BP’s addiction to fossil fuels is causing climate change, say critics
THE EDINBURGH FESTIVAL headquarters became the stage for protest on Sunday as activists challenged the event’s links to fossil fuels company BP.
BP, which is one of the world’s largest oil companies, has been subject to intense criticism since the Deepwater Horizon spill which released 4.9 million barrels of oil into the Gulf of Mexico.
The protest in Edinburgh – which campaigners said “re-enacted the spill” and removed the BP logo from the festival building – was organised by campaign group BP or not BP, Friends of the Earth Scotland, and Edinburgh People and Planet campaign.
Chris Garrard from BP or not BP? said: “This marks the beginning of the end of BP’s sponsorship of the Edinburgh International Festival. With leading artists speaking out against the sponsors of their own shows, the festival has to listen. If the festival is genuinely committed to sustainability, that has to apply to its sponsors too. BP is just one of many – there’s no reason why it can’t be replaced.”
The protest following successful campaigns at Glasgow and Edinburgh universities for a reduction in investments in fossil fuel companies. In Edinburgh students occupied a campus building, before winning concessions from management on the issue of fossil fuels divestment .

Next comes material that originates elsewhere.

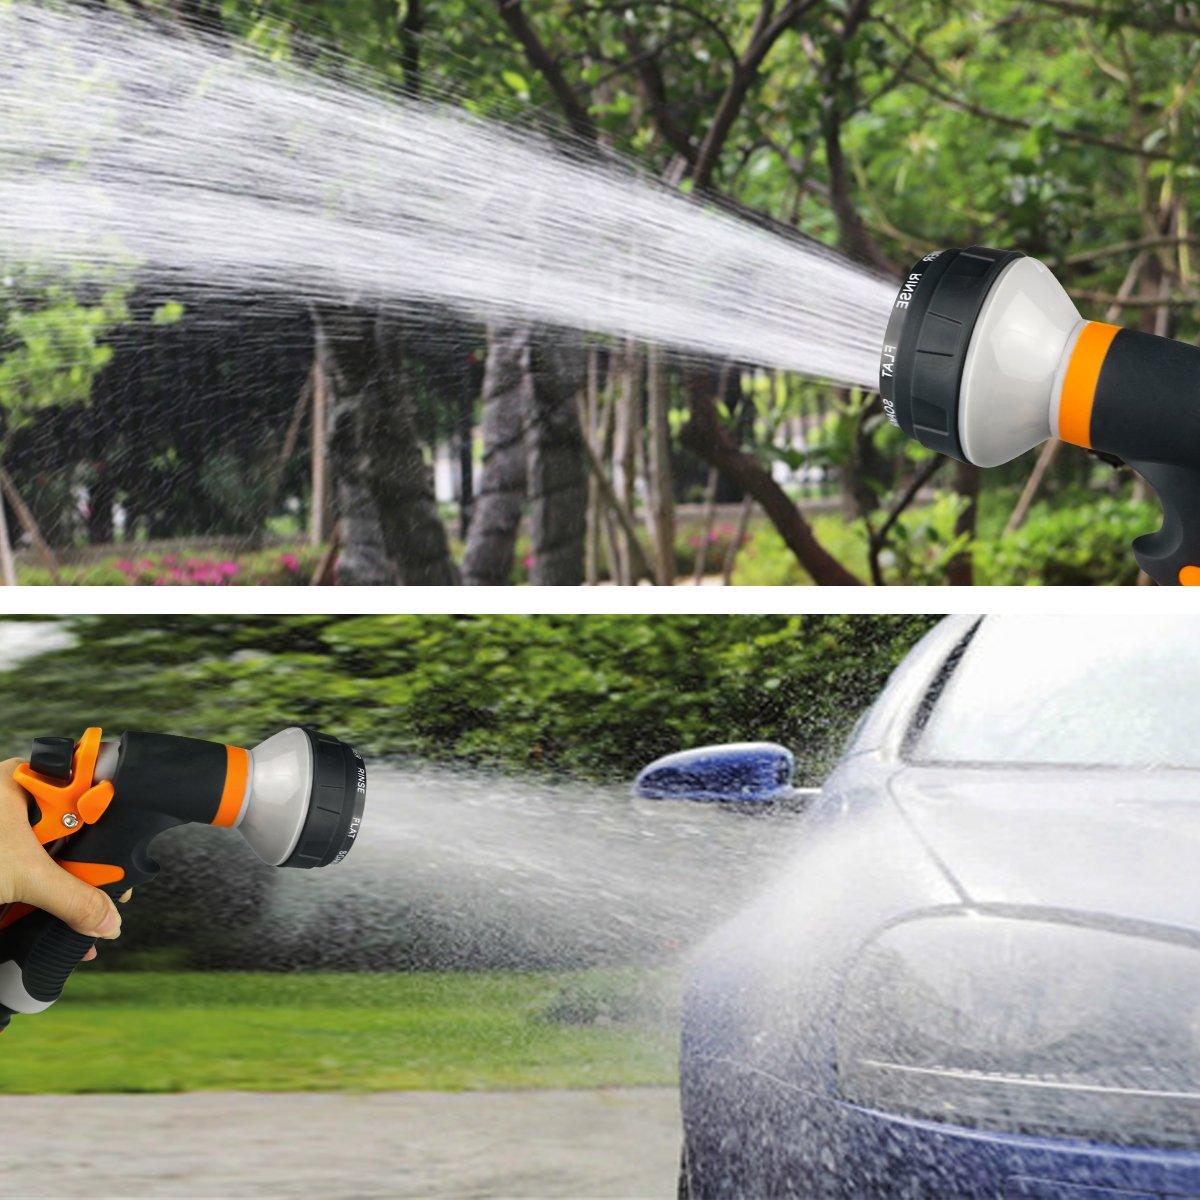 Garten Handbrause Spritze Gun-8 Sprühen Modi-Flow Control Einstellung Knauf-Multifunktionale High Druck für Auto waschen, Verstellbarer Wasserdurchfluss Robust und Leistungsstark für Garten Bewässerung, Autowäsche und Haustiereduschen
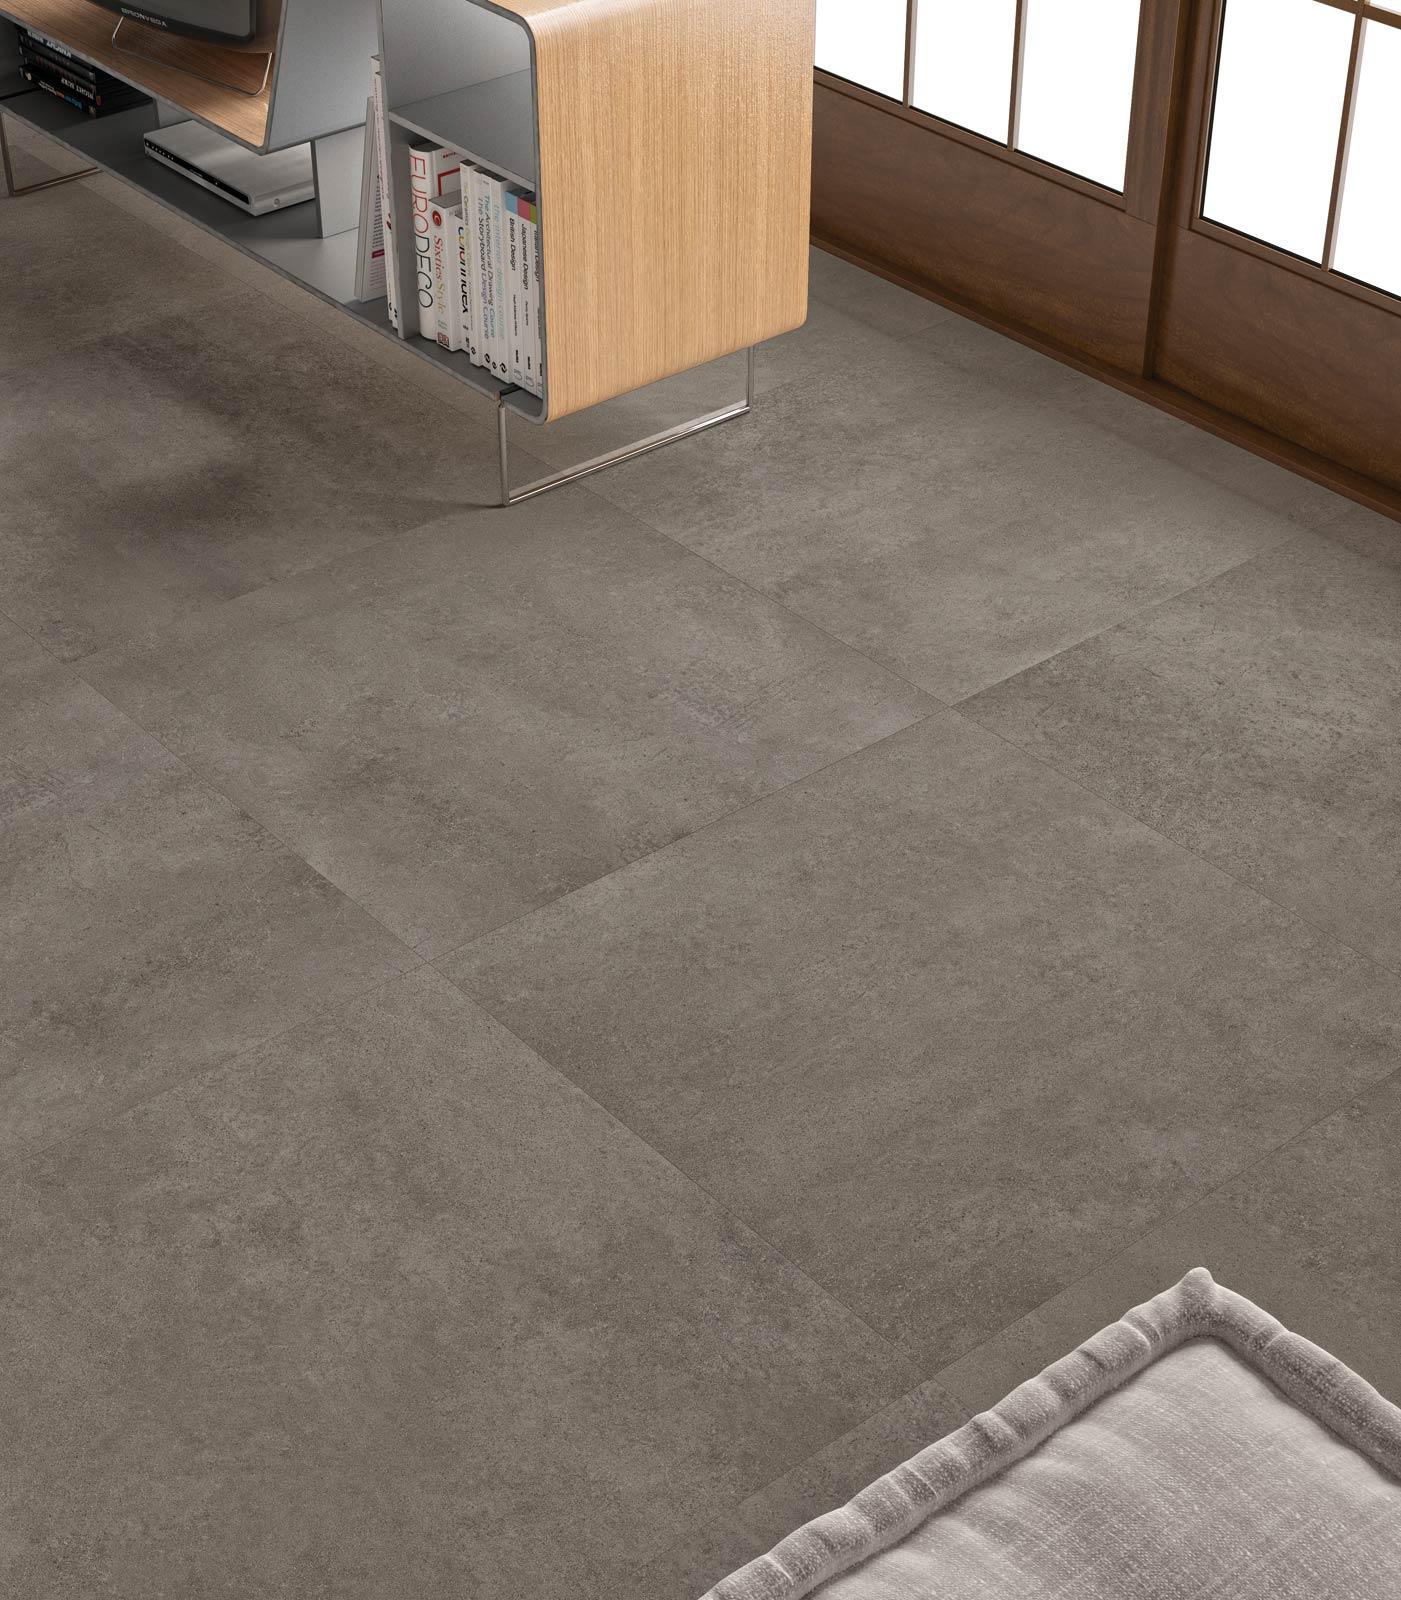 Denver gres porcellanato effetto cemento marazzi for Suelo porcelanico 60x60

Ric Lander, Friends of the Earth Scotland, said: “Scotland has world leading climate targets and a fast-growing renewable energy industry. Our universities and faith groups are ditching their ties with fossil fuels. Speaking to people at the festival today a lot of folk seem to agree that we should not let climate-wrecking companies like BP use Scotland’s treasured public arts to buy a veneer of respectability.”
Eleanor Dow, a medical student and Edinburgh People & Planet campaigner, added: “We need to expose this absurd and dangerous act of greenwashing by a company that is contributing to catastrophic climate change. With the triumph of our occupation this year, which forced Edinburgh University to drop its investments in three major fossil fuel companies, it is clear the fossil fuel divestment movement is winning. The EIF needs to get its act together instead of remaining complicit in the destruction of our planet.”
BP is pushing ahead with plans to expand oil drilling in the environmentally sensitive Arctic region. Last year the company made a $4bn operating profit.